Lectins are carbohydrate-binding proteins that are highly specific for sugar groups that are part of other molecules, so cause agglutination of particular cells or precipitation of glycoconjugates and polysaccharides. Lectins have a role in recognition at the cellular and molecular level and play numerous roles in biological recognition phenomena involving cells, carbohydrates, and proteins. Lectins also mediate attachment and binding of bacteria, viruses, and fungi to their intended targets.

Lectins are ubiquitous in nature and are found in many foods. Some foods, such as beans and grains, need to be cooked, fermented or sprouted to reduce lectin content.
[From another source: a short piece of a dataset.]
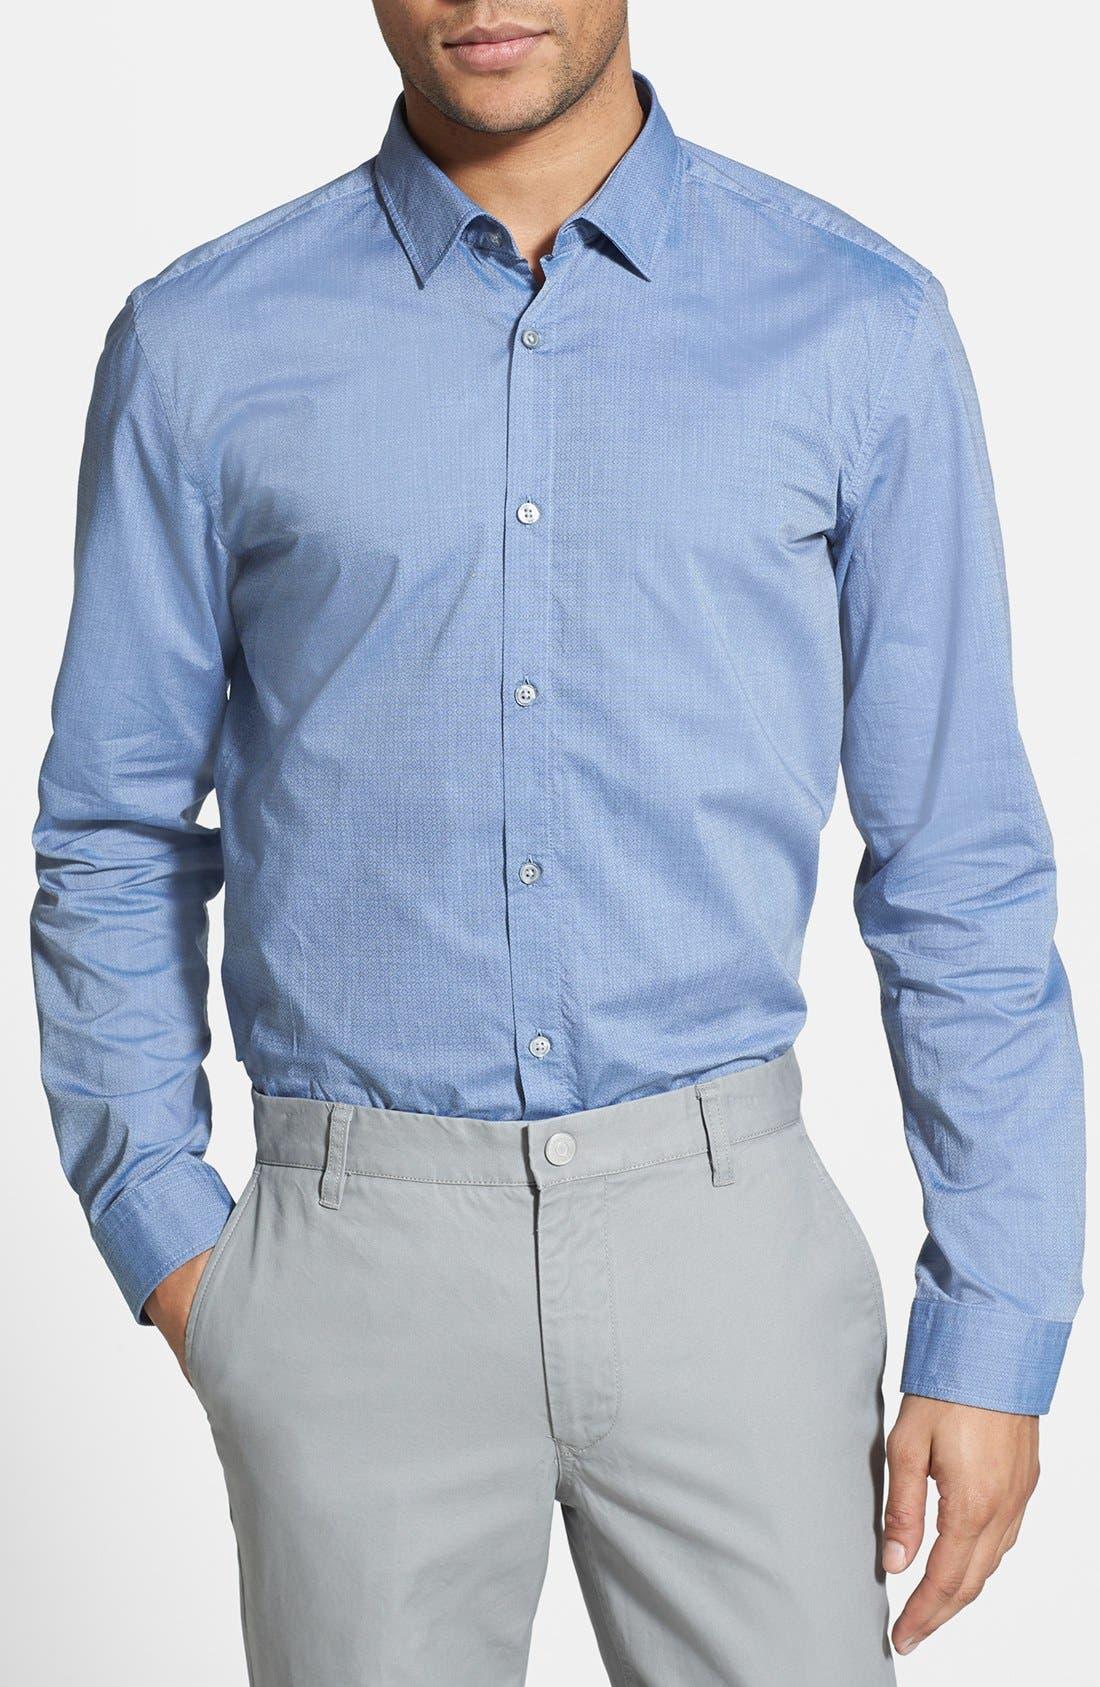 Alternate Image 1 Selected - BOSS HUGO BOSS 'Nemos' Slim Fit Sport Shirt

Some lectins are beneficial, such as CLEC11A, which promotes bone growth, while others may be powerful toxins such as   ricin.

Lectins may be disabled by specific mono- and oligosaccharides, which bind to ingested lectins from grains, legumes, nightshade plants, and dairy; binding can prevent their attachment to the carbohydrates within the cell membrane. The selectivity of lectins means that they are useful for analyzing blood type, and they have been researched for potential use in genetically engineered crops to transfer pest resistance.

Etymology

William C. Boyd alone and then together with Elizabeth Shapleigh introduced the term "lectin" in 1954 from the Latin word lectus, "chosen" (from the verb legere, to choose or pick out).

Biological functions
Lectins occur ubiquitously in nature. They may bind to a soluble carbohydrate or to a carbohydrate moiety that is a part of a glycoprotein or glycolipid. They typically agglutinate certain animal cells and/or precipitate glycoconjugates. Most lectins do not possess enzymatic activity.

Animals
Lectins have these functions in animals:
 The regulation of cell adhesion
 The regulation of glycoprotein synthesis
 The regulation of blood protein levels
 The binding of soluble extracellular and intercellular glycoproteins
 As a receptor on the surface of mammalian liver cells for the recognition of galactose residues, which results in removal of certain glycoproteins from the circulatory system
 As a receptor that recognizes hydrolytic enzymes containing mannose-6-phosphate, and targets these proteins for delivery to the lysosomes; I-cell disease is one type of defect in this particular system.
 Lectins are known to play important roles in the innate immune system. Lectins such as the mannose-binding lectin, help mediate the first-line defense against invading microorganisms. Other immune lectins play a role in self-nonself discrimination and they likely modulate inflammatory and autoreactive processes. Intelectins (X-type lectins) bind microbial glycans and may function in the innate immune system as well. Lectins may be involved in pattern recognition and pathogen elimination in the innate immunity of vertebrates including fishes.

Plants
The function of lectins in plants (legume lectin) is still uncertain. Once thought to be necessary for rhizobia binding, this proposed function was ruled out through lectin-knockout transgene studies.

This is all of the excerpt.